● Source data:
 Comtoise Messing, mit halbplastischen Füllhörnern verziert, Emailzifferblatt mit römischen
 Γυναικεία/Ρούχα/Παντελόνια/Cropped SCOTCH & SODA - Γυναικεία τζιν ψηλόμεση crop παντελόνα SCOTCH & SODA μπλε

* * *

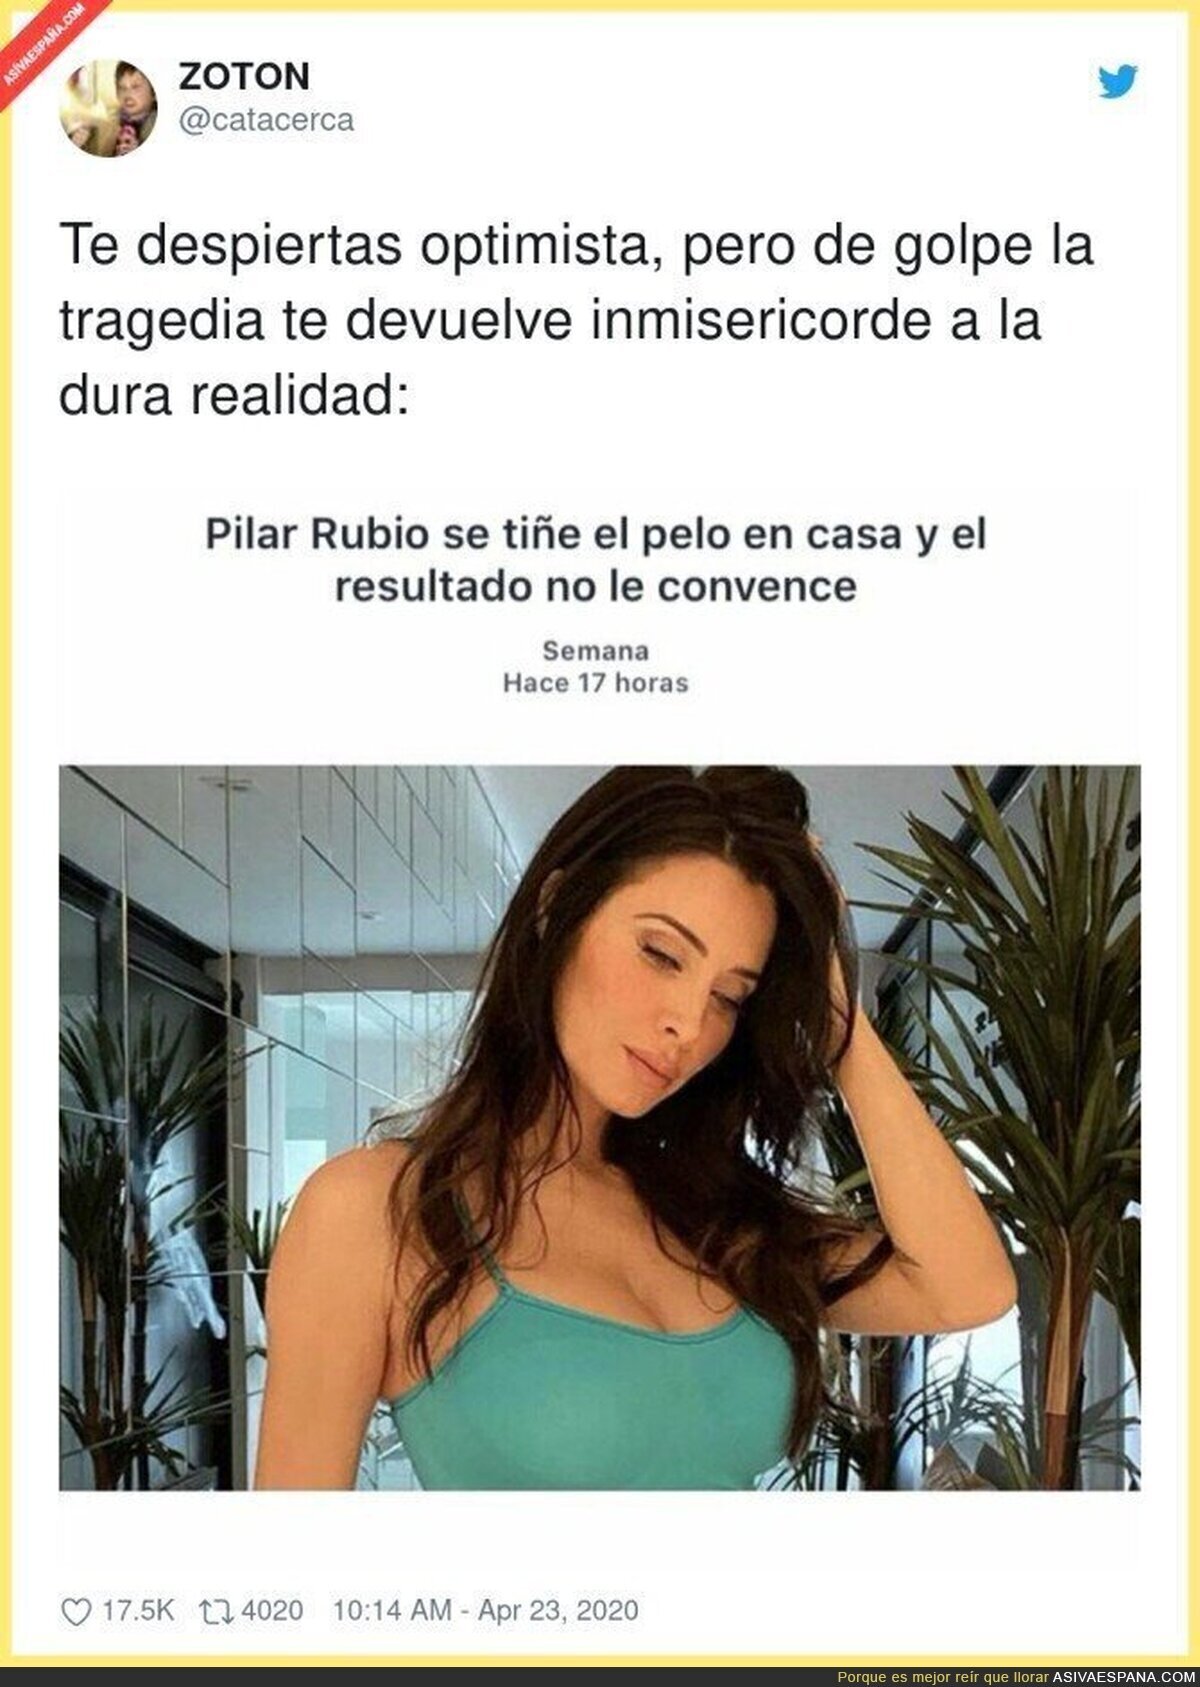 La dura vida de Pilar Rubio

---

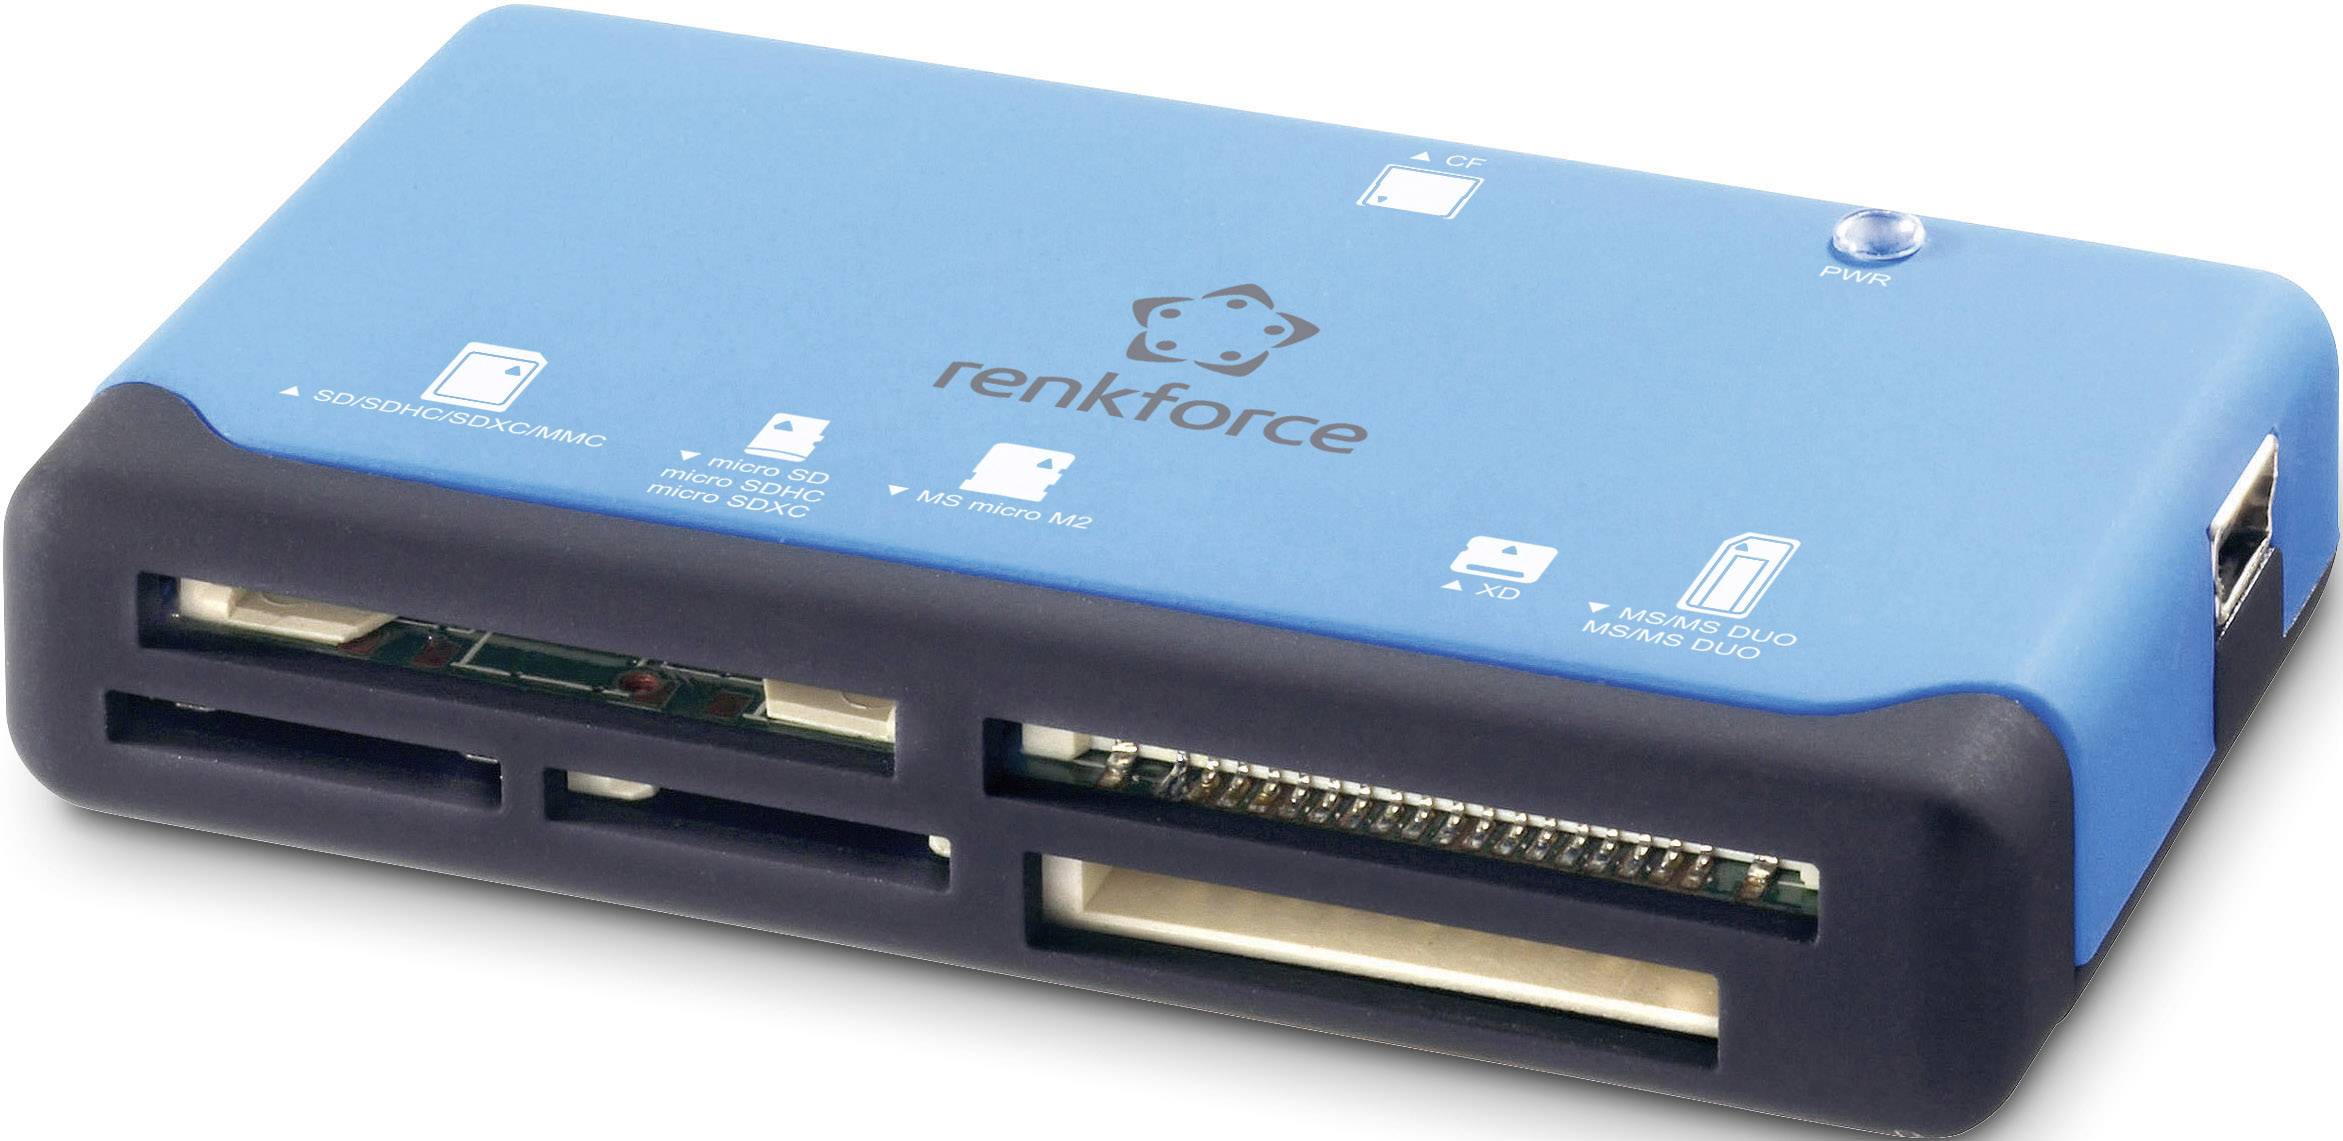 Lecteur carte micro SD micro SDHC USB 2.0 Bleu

● What to produce:
Taking the listing above as the source, transcribe only the lines starting at the line with "Comtoise Messing, mit" and going through the line with "Γυναικεία/Ρούχα/Παντελόνια/Cropped SCOTCH &", unaltered and with both ends included.

● Answer below:
 Comtoise Messing, mit halbplastischen Füllhörnern verziert, Emailzifferblatt mit römischen
 Γυναικεία/Ρούχα/Παντελόνια/Cropped SCOTCH & SODA - Γυναικεία τζιν ψηλόμεση crop παντελόνα SCOTCH & SODA μπλε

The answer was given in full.